The goal is, given the spiral tap coordinates of a cell, find its cartesian coordinates (line 1 is at the bottom, and column 1 is the leftmost).

Input

The input is a series of lines. Each line is composed of two numbers: SZ and P. SZ is the size of the border of the grid and is an odd number no larger than 100000. P is the spiral position of a cell in this grid. The line such that SZ = P = 0 marks the end of the input (and is not part of the data set).

Output

For each line in the data set of the input, your program must echo a line "Line = X, column = Y.", where X and Y are the cartesian coordinates of the corresponding cell.

Sample Input

3 1
3 3
3 9
5 9
5 10
0 0

Sample Output

Line = 2, column = 2.
Line = 3, column = 1.
Line = 3, column = 3.
Line = 4, column = 4.
Line = 5, column = 4.

---

Problem setter: David Deharbe, Copyright 2005 UFRN. All rights reserved.

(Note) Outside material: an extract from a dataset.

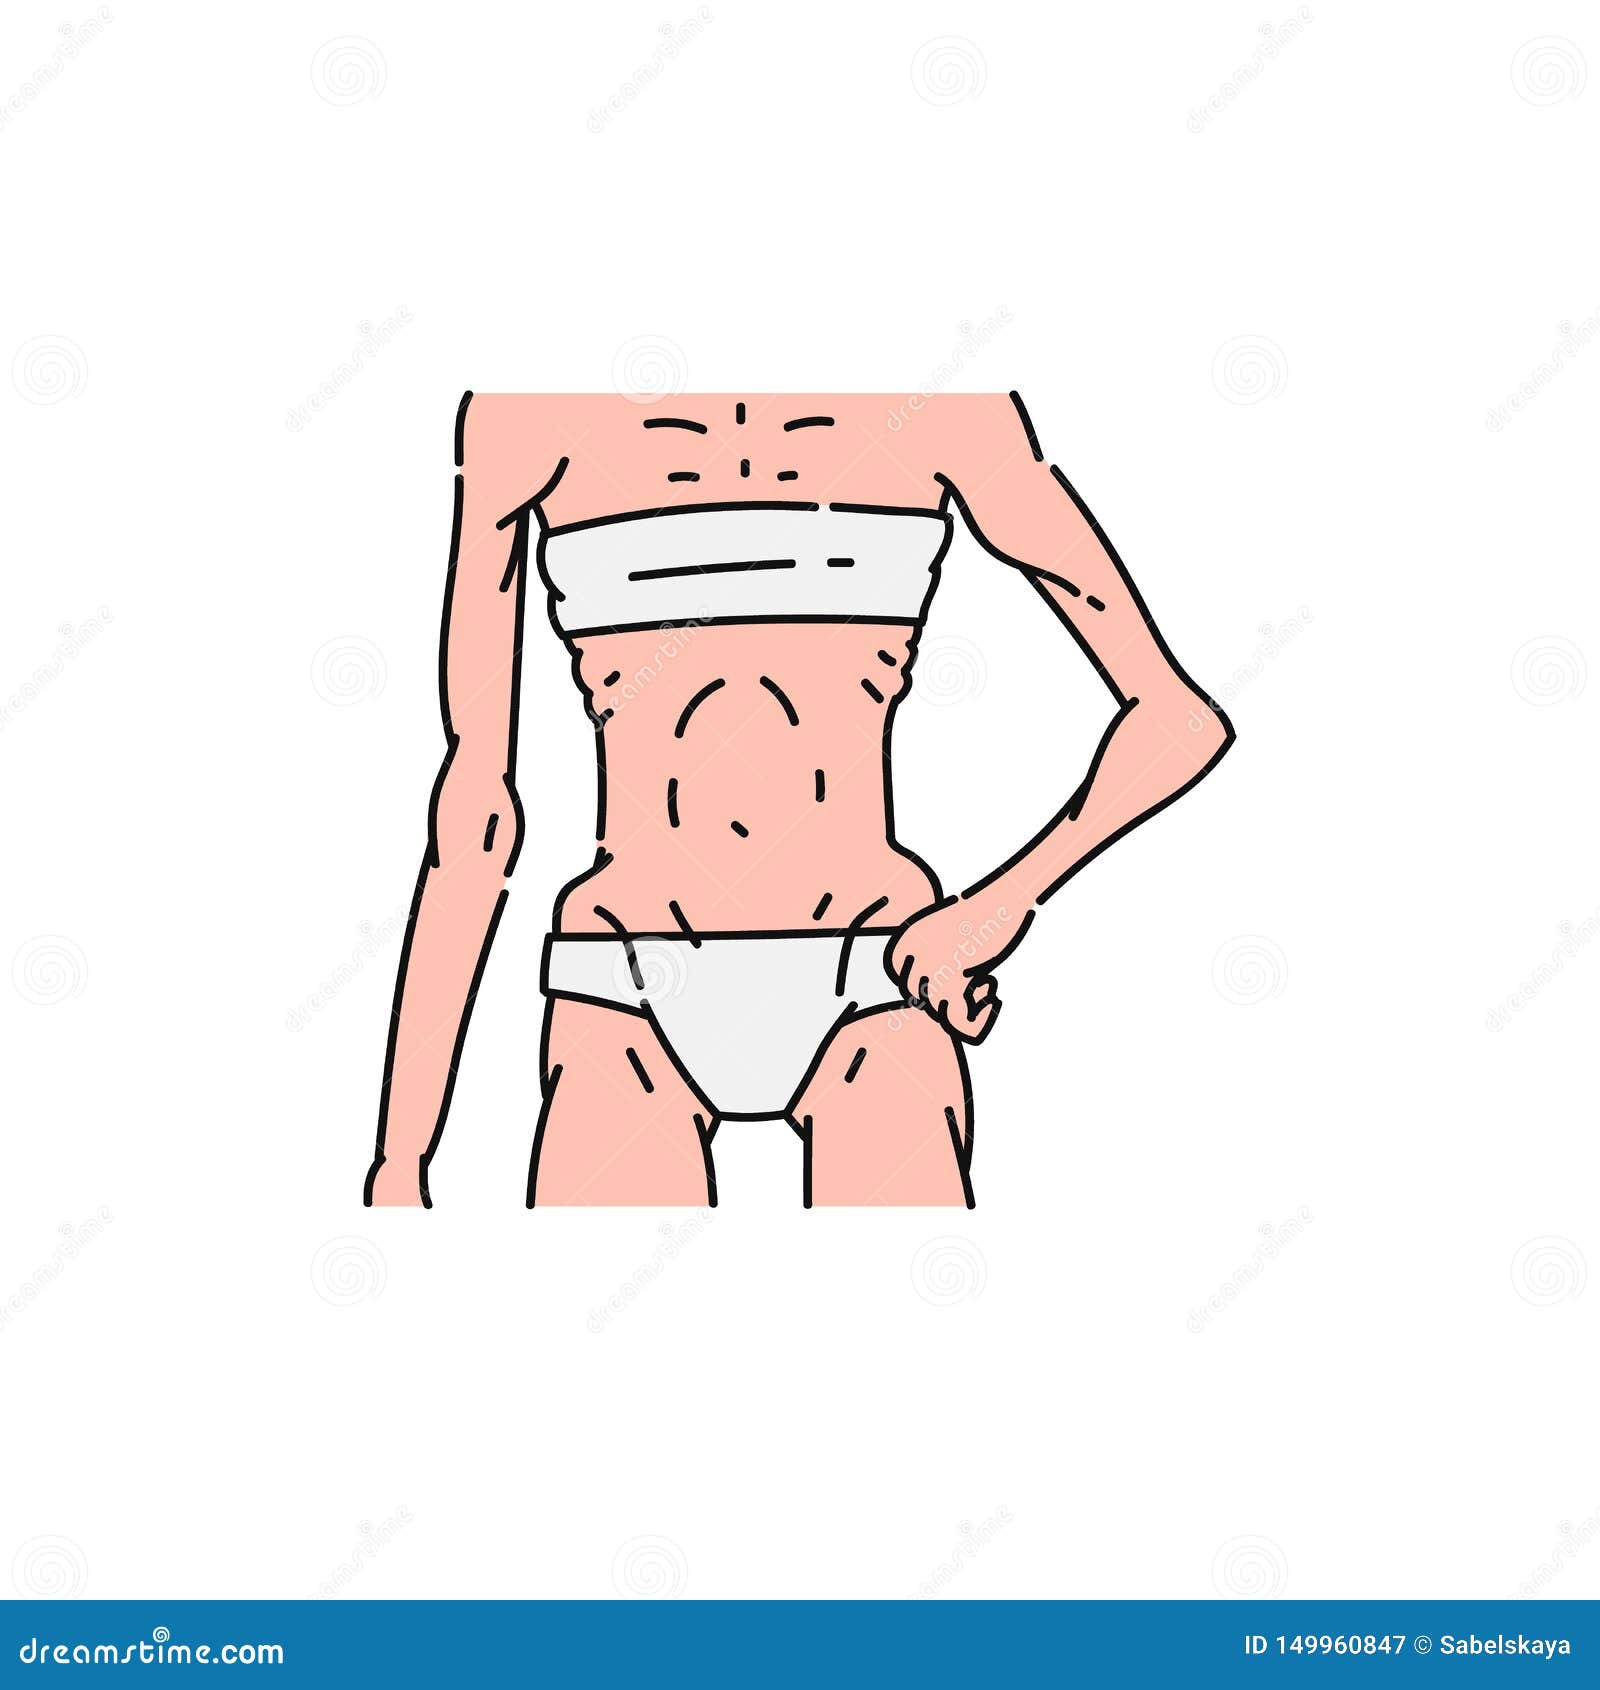 Skinny Anorexic Female Body in Underwear, Bra and Panties, Thin

算一下在第幾層, 然後定為點在右上角, 再依序扣回來直到算到答案為止。


#include <stdio.h>
#include <math.h>
int main() {
    int n, m;
    while(scanf("%d %d", &n, &m) == 2 && n) {
        int x = n/2+1, y = n/2+1, z, w;
        int sq = (int)sqrt(m);
        if(sq%2 == 0)   sq--;
        for(z = sq; z*z < m; z += 2);
        w = z/2;
        x += w, y += w;
        int v = z*z;
        if(v - z < m) {
            y -= v - m;

            goto end;
        } else
            y -= z-1, v -= z, x--;

        if(v - z + 1 < m) {
            x -= v - m;
            goto end;
        } else
            x -= z-2, v -= z-1, y++;

        if(v - z + 1 < m) {
            y += v - m;
            goto end;
        } else
            y += z-2, v -= z-1, x++;
        if(v - z + 1 < m) {
            x += v - m;
            goto end;
        } else
            x += z-2, v -= z-1;
        end:
        printf("Line = %d, column = %d.\n", y, x);
    }
    return 0;
}